Excerpts from a dataset:

§

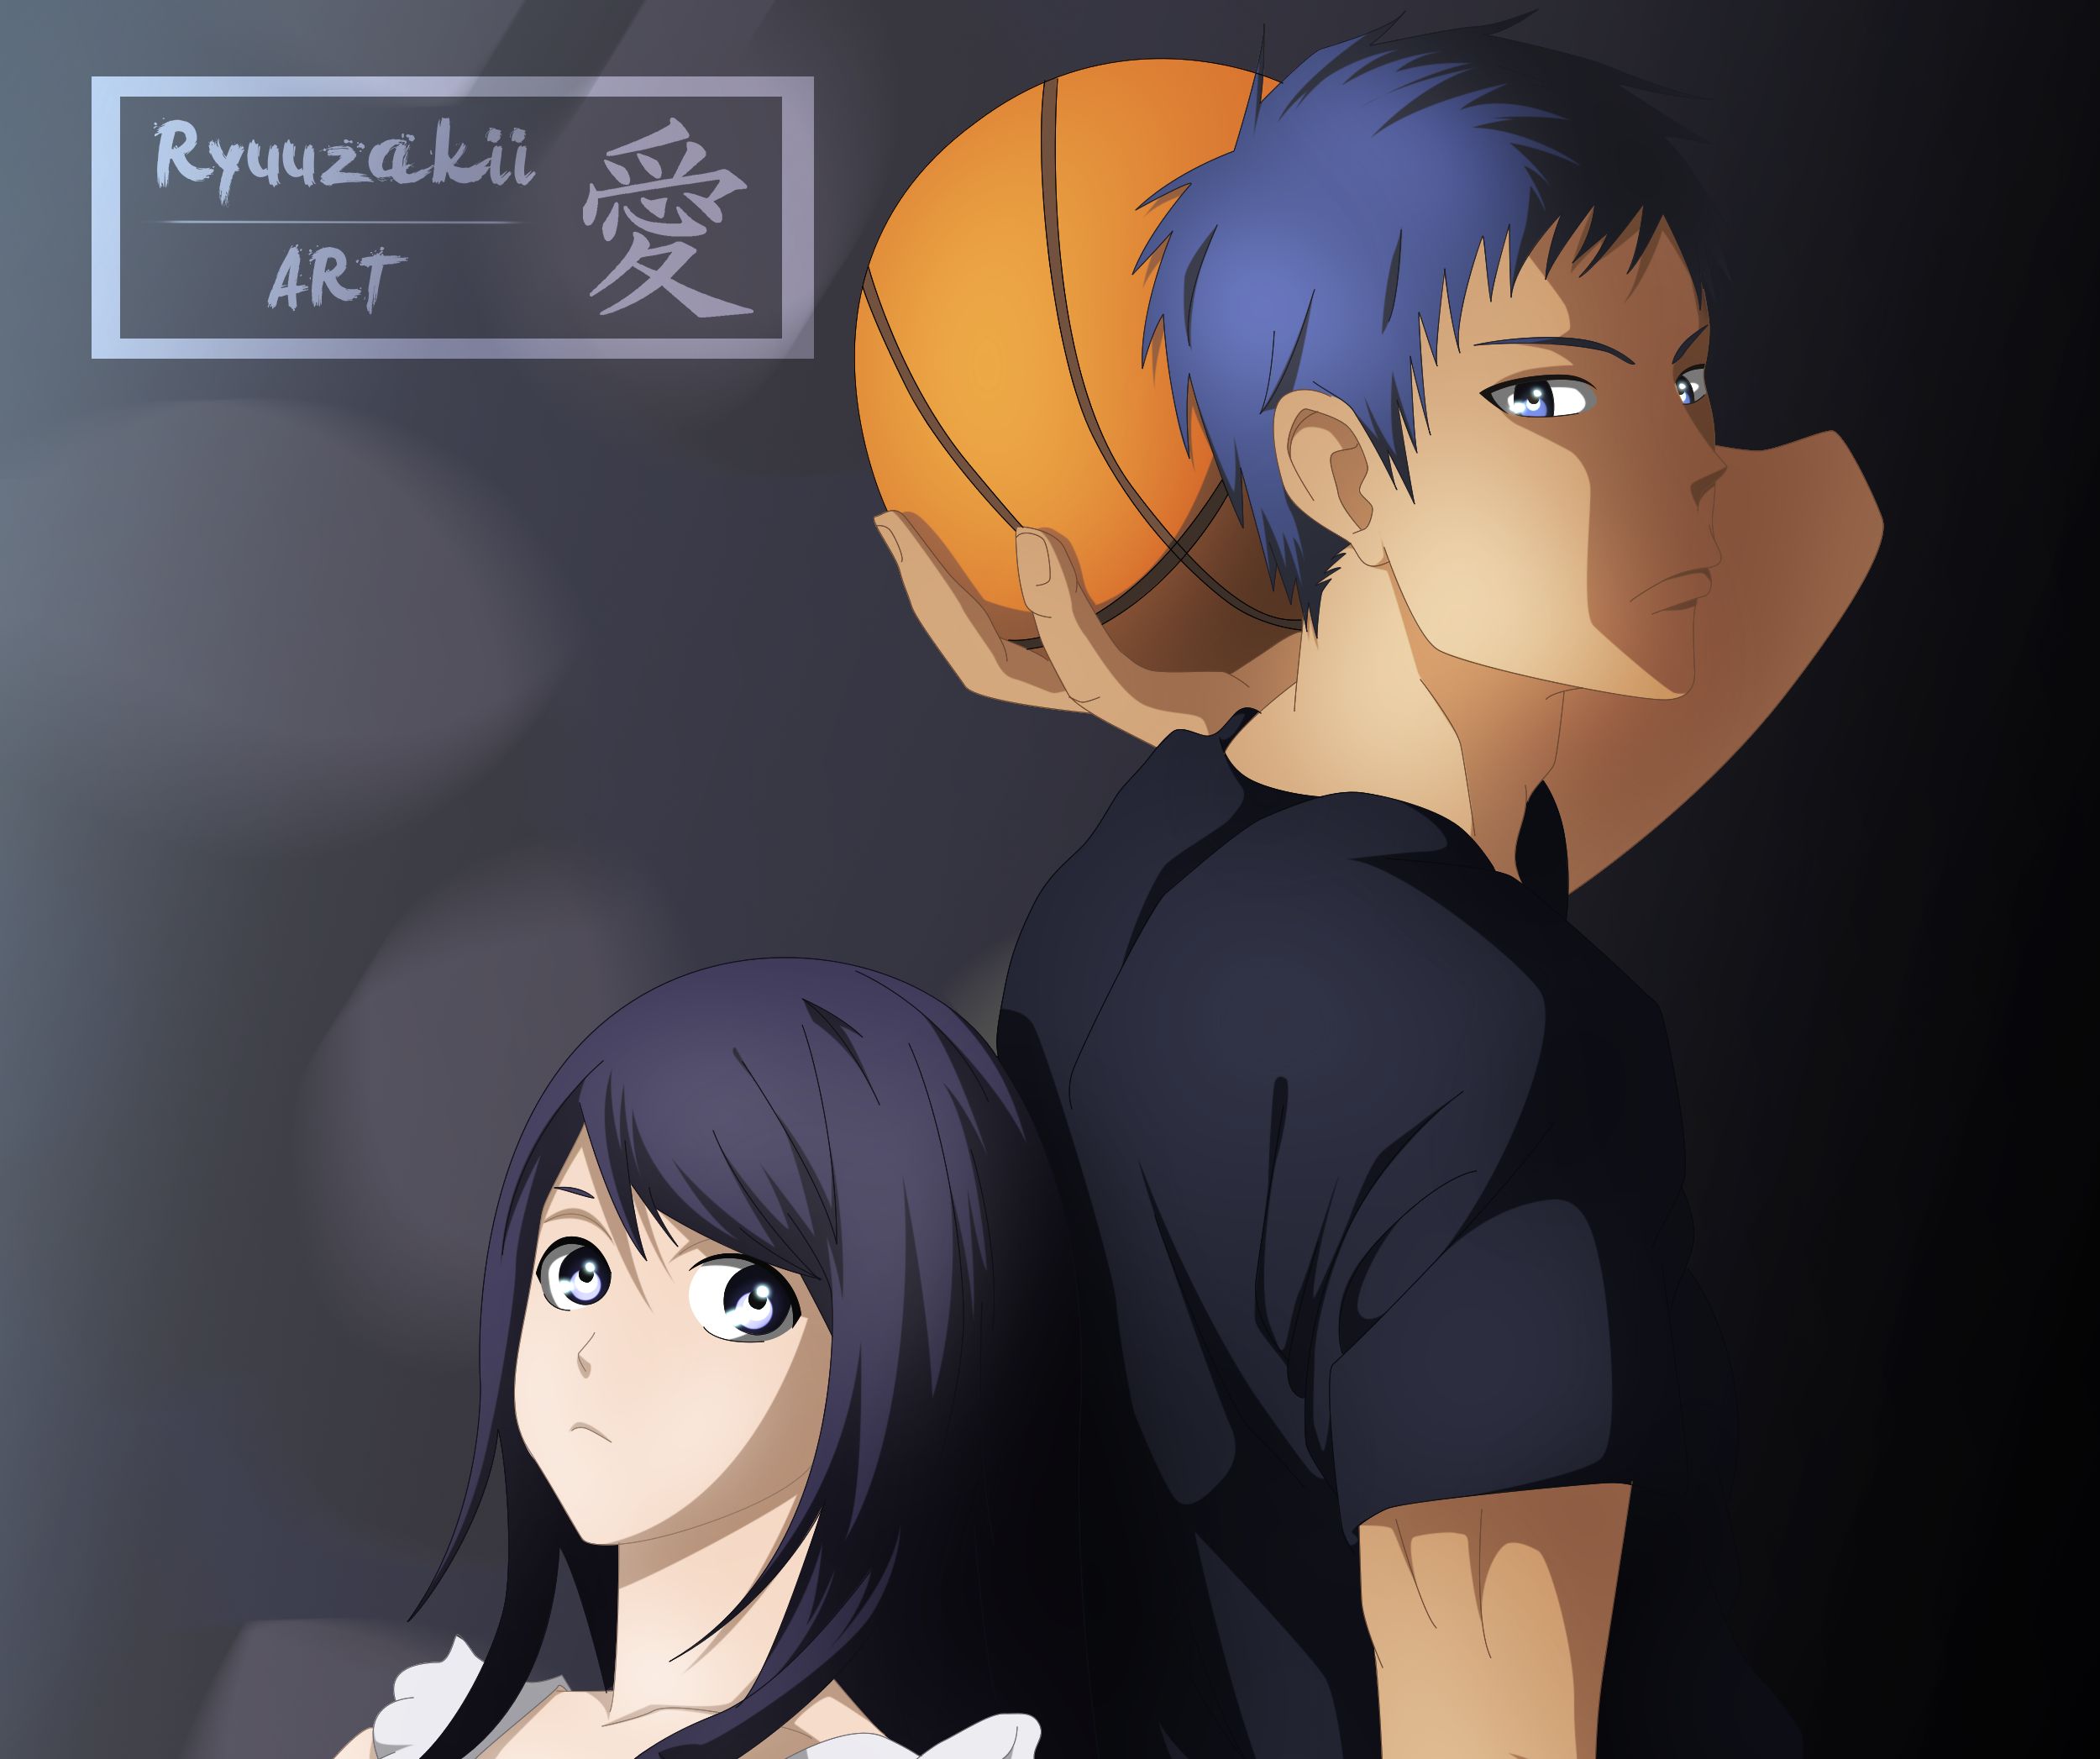 Baixe gratuitamente a imagem Anime, Daiki Aomine, Kuroko No Basket na área de trabalho do seu PC
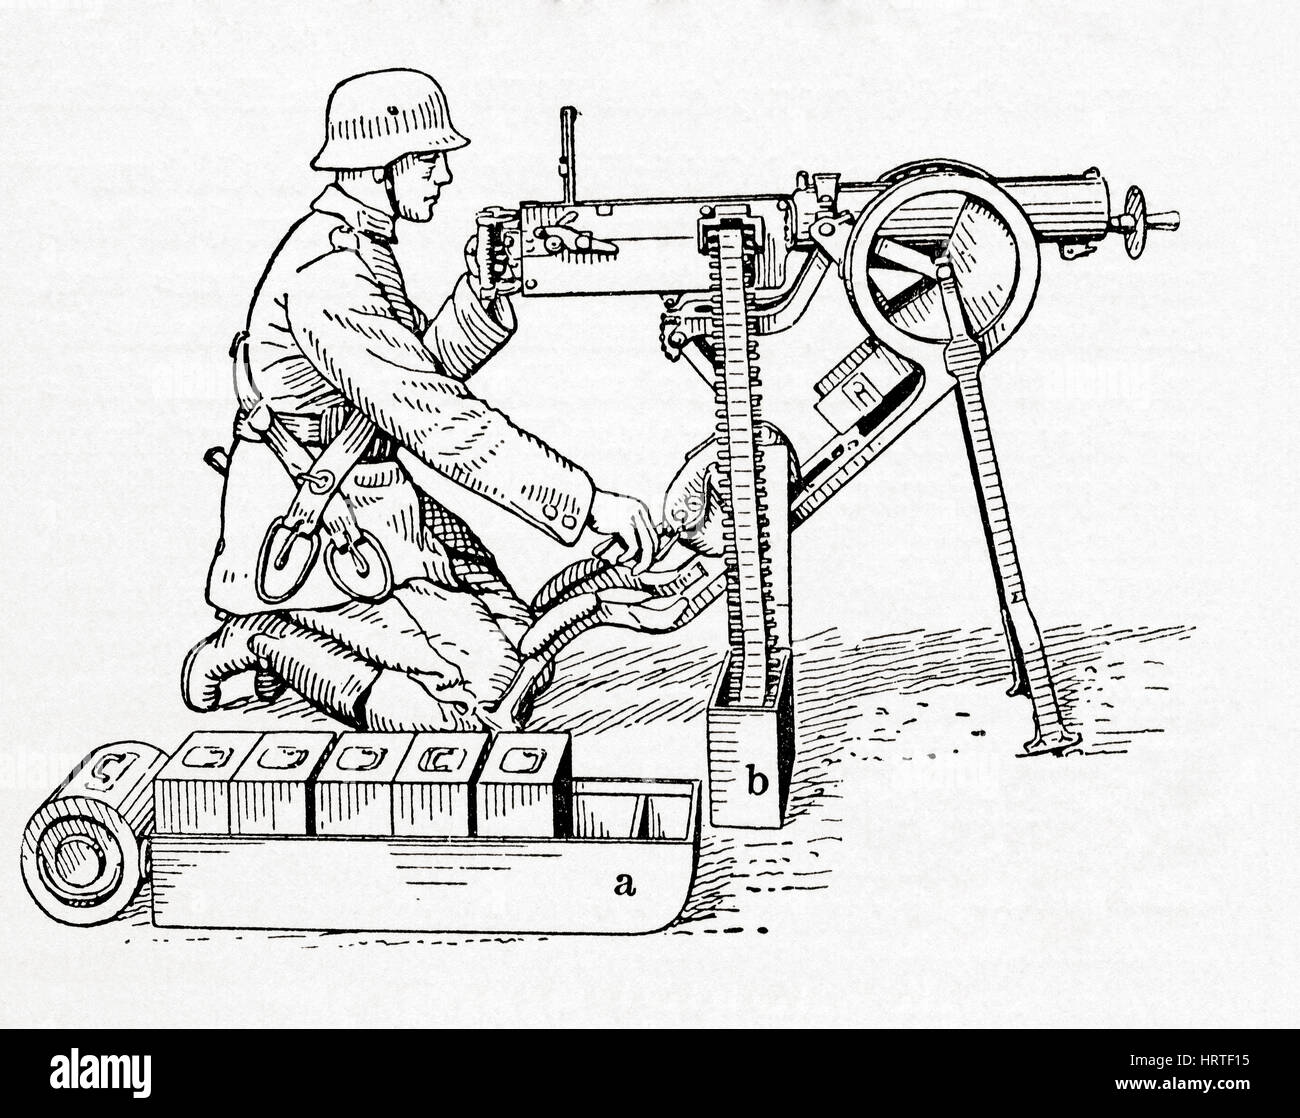 Ein deutscher Soldat ein Maxim-Maschinengewehr im ersten Weltkrieg in Betrieb. Es war das erste Rückstoß-betrieben Maschinengewehr, erfunden von Hiram Stevens Maxim im Jahre 1883.   Aus Meyers Lexikon veröffentlicht 1927. Stockfoto
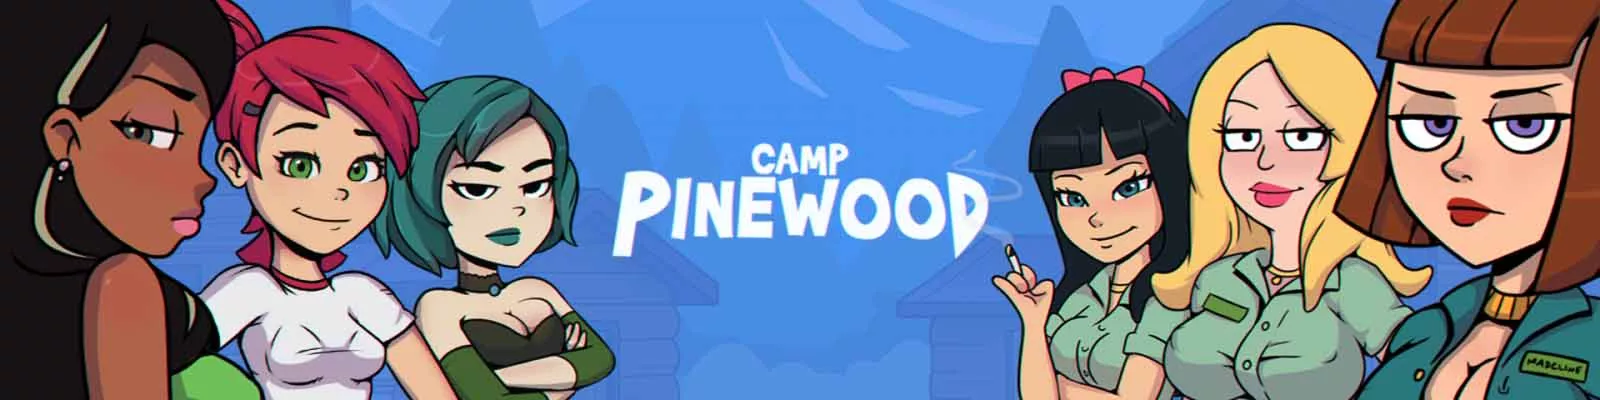 Camp Pinewood – Version 2.9.0 Bugfix
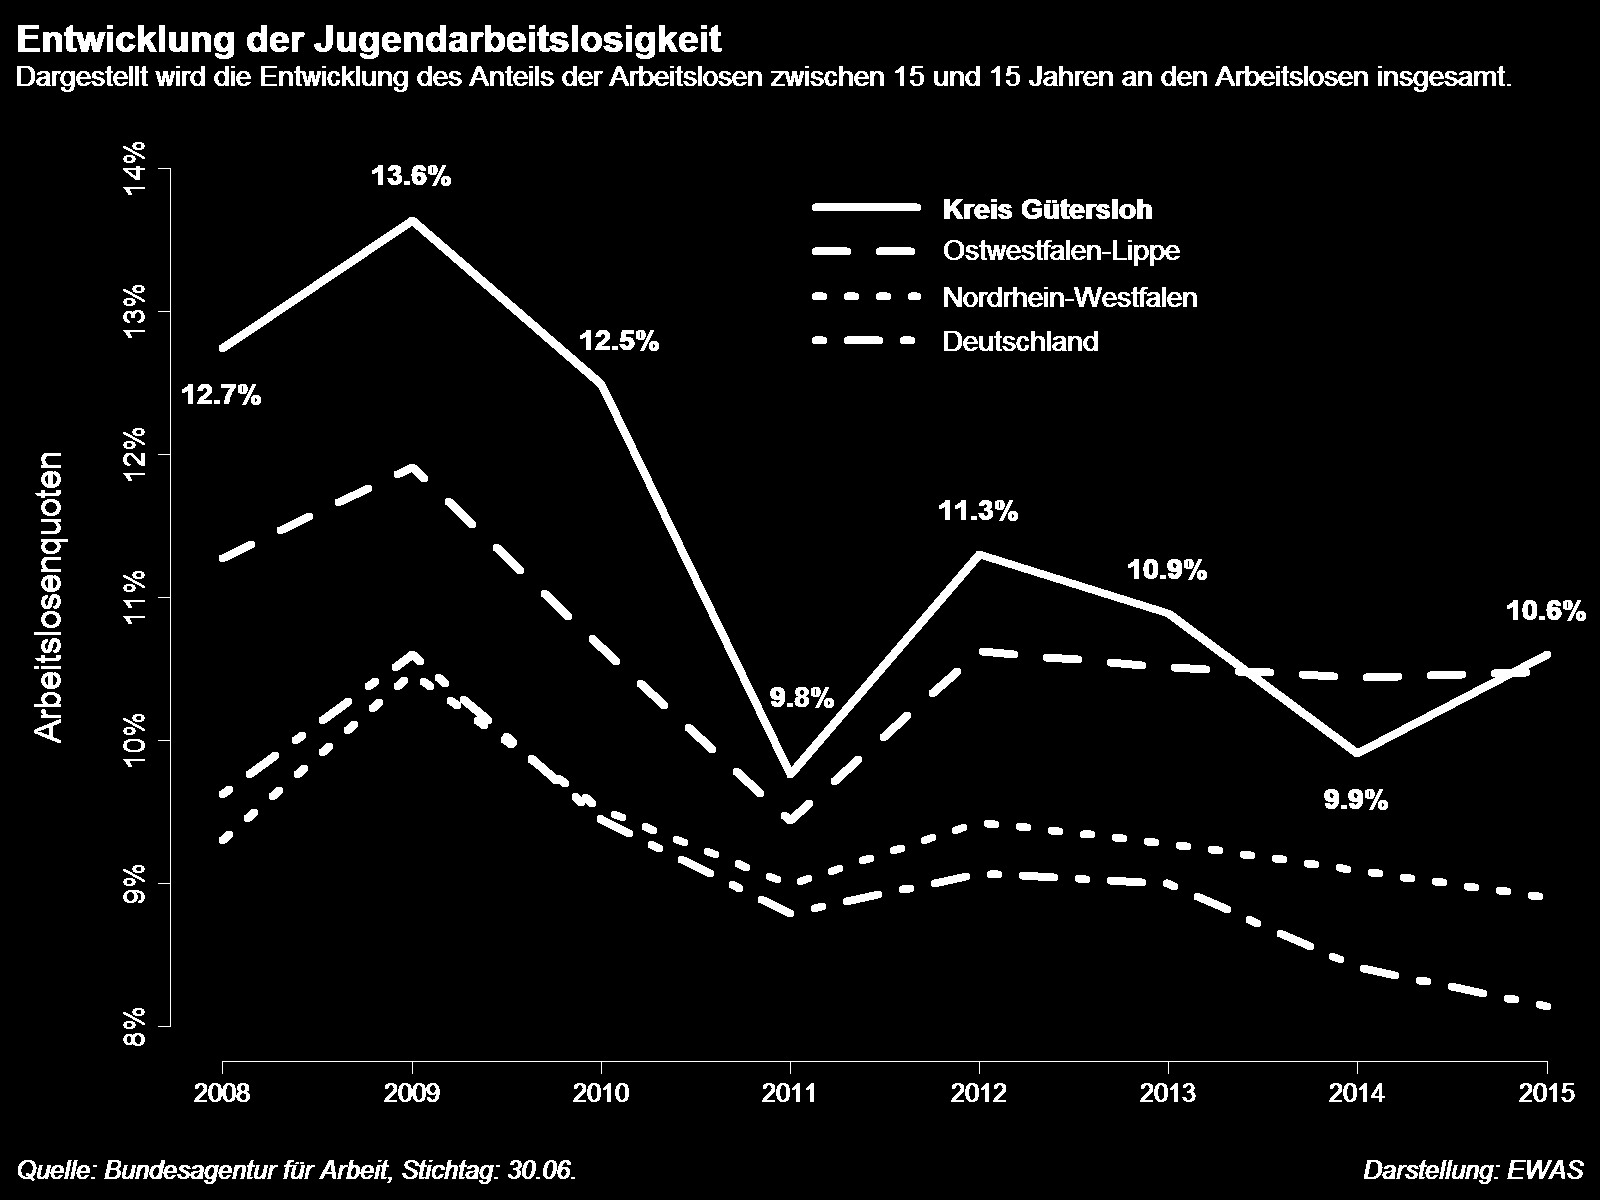 Kreis Gütersloh Ostwestfalen-Lippe Nordrhein-Westfalen Deutschland 2008 12,7% 11,3% 9,3% 9,6% 2009 13,6% 11,9% 10,5% 10,6% 2010 12,5% 10,7% 9,5% 9,5% 2011 9,8% 9,4% 9,0% 8,8% 2012 11,3% 10,6% 9,4%
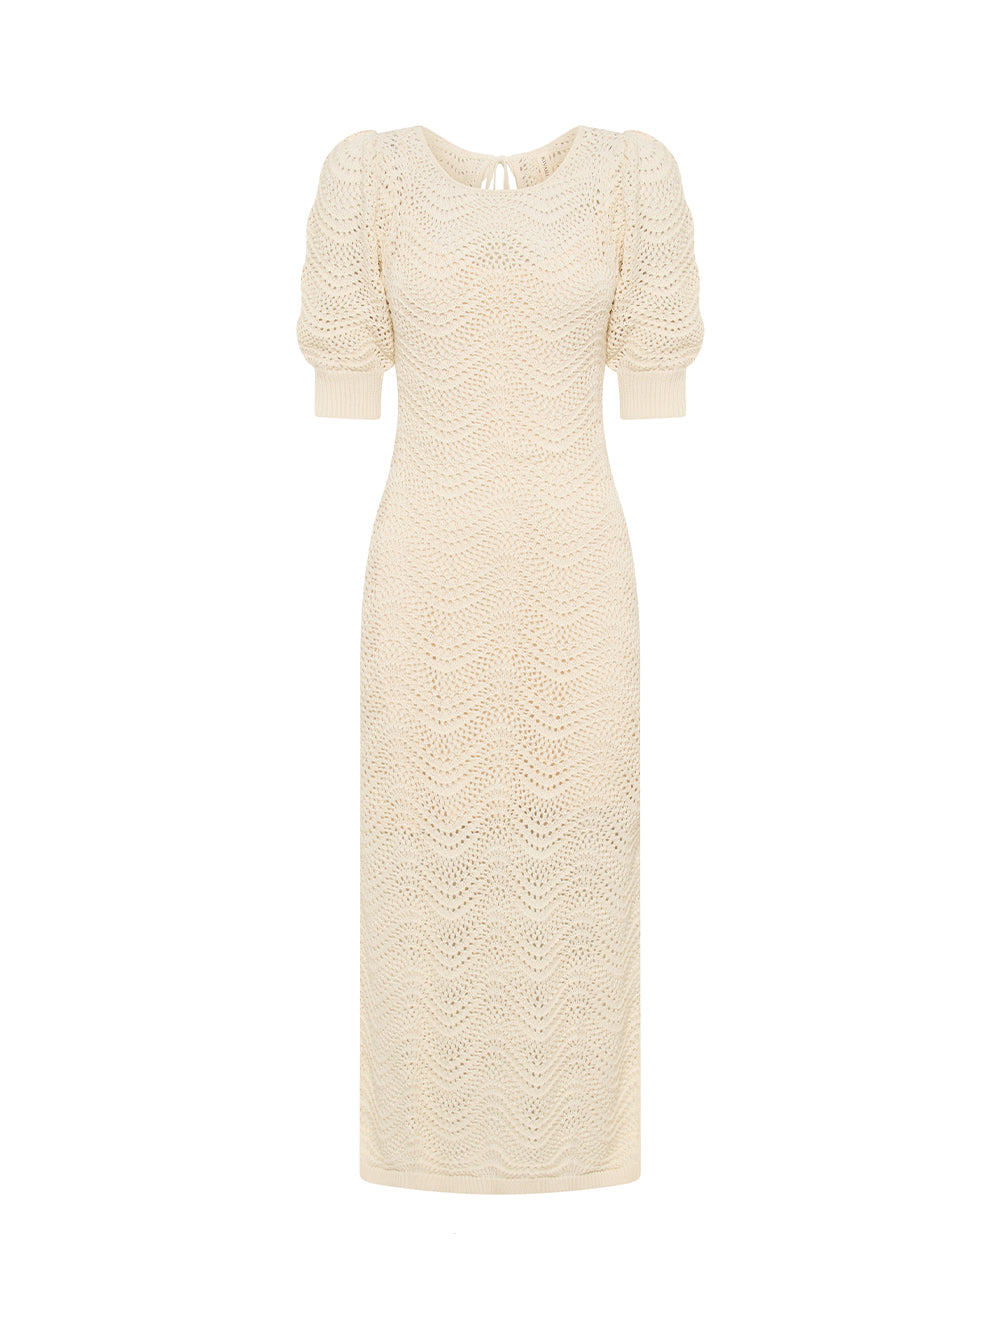 Mariana Knit Dress KIVARI | Cream knit dress

§

Please restate word for word each line from the one containing "Ein deutscher Soldat" to the end of the data above, without the pictures.

 Ein deutscher Soldat ein Maxim-Maschinengewehr im ersten Weltkrieg in Betrieb. Es war das erste Rückstoß-betrieben Maschinengewehr, erfunden von Hiram Stevens Maxim im Jahre 1883.   Aus Meyers Lexikon veröffentlicht 1927. Stockfoto
 Camp Pinewood – Version 2.9.0 Bugfix
 Kreis Gütersloh Ostwestfalen-Lippe Nordrhein-Westfalen Deutschland 2008 12,7% 11,3% 9,3% 9,6% 2009 13,6% 11,9% 10,5% 10,6% 2010 12,5% 10,7% 9,5% 9,5% 2011 9,8% 9,4% 9,0% 8,8% 2012 11,3% 10,6% 9,4%
 Mariana Knit Dress KIVARI | Cream knit dress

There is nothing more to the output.